Franzi had no idea which man. “The man who serves with both hands!” he said, pointing to one of the far stars on Orion.
“Are you talking about Eisenhower?”
Franzi pointed to the sky again. Himmler looked up. A flash in the sky appeared; a comet or a meteorite, blazing from the West to the East, before burning out and disappearing.
“My God!” exclaimed Himmler. “That was incredible. I didn’t realize you had such a powerful gift of prophesy!”
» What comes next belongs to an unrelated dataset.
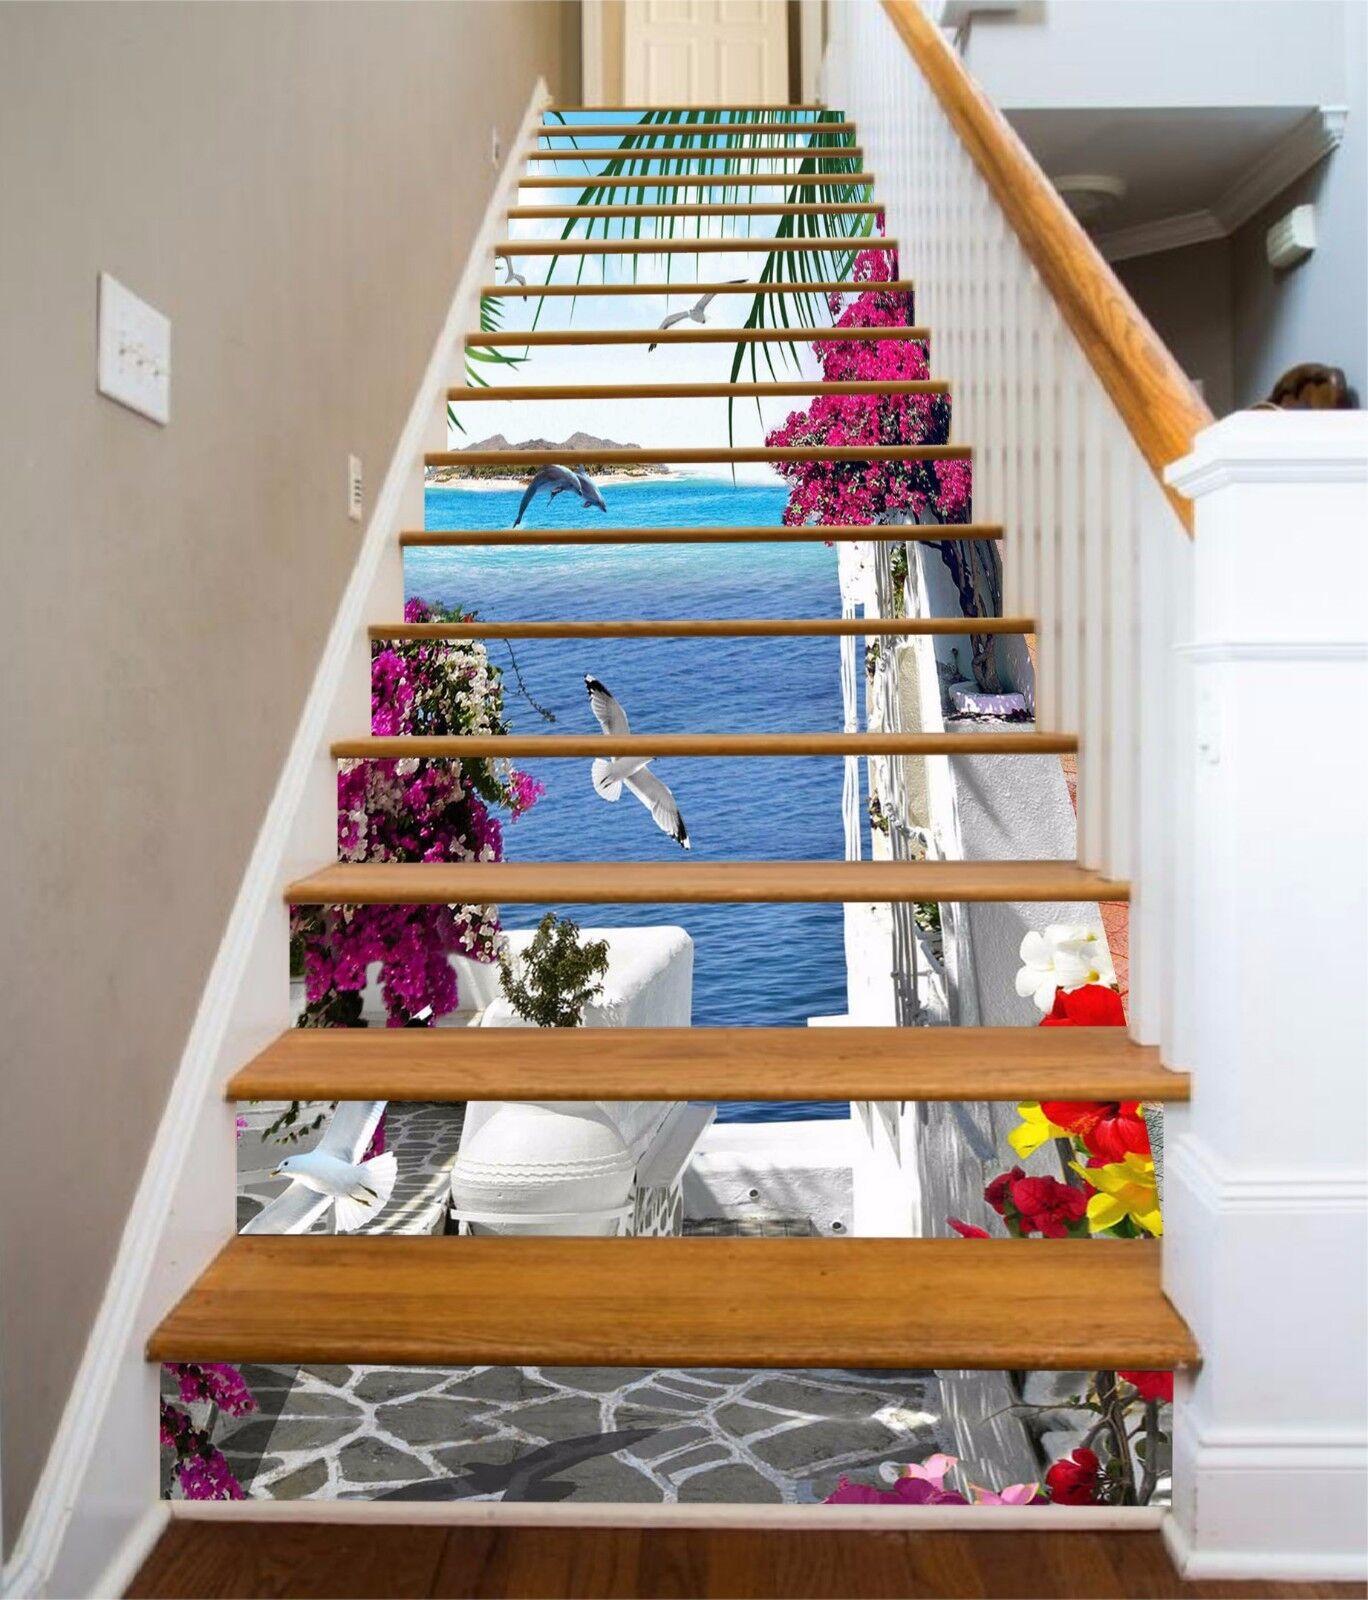 3D Seaside garden Stair Risers Decoration Photo Mural Vinyl Decal Wallpaper AU

“You must warn Eisenhower,” Franzi said.
“Warn him about what?”
“The man who serves with both hands.”
“You’re talking about the traitor, aren’t you?”
Franzi felt a chill.
“It’s got to be those Cambridge spies Schellenberg was telling me about,” Himmler said excitedly. “Philby. He
serves London and Moscow. That’s serving with both hands, isn’t it? I’ll have Schellenberg tell Eisenhower about Philby and the others. You’re right, it’s more than a bargaining chip. It’s our good faith measure.
Professor Loerber, you are a genius.”
Then suddenly Himmler was in a big hurry to get moving again. “Come on, let’s not keep the Grand Admiral up all night waiting for us.”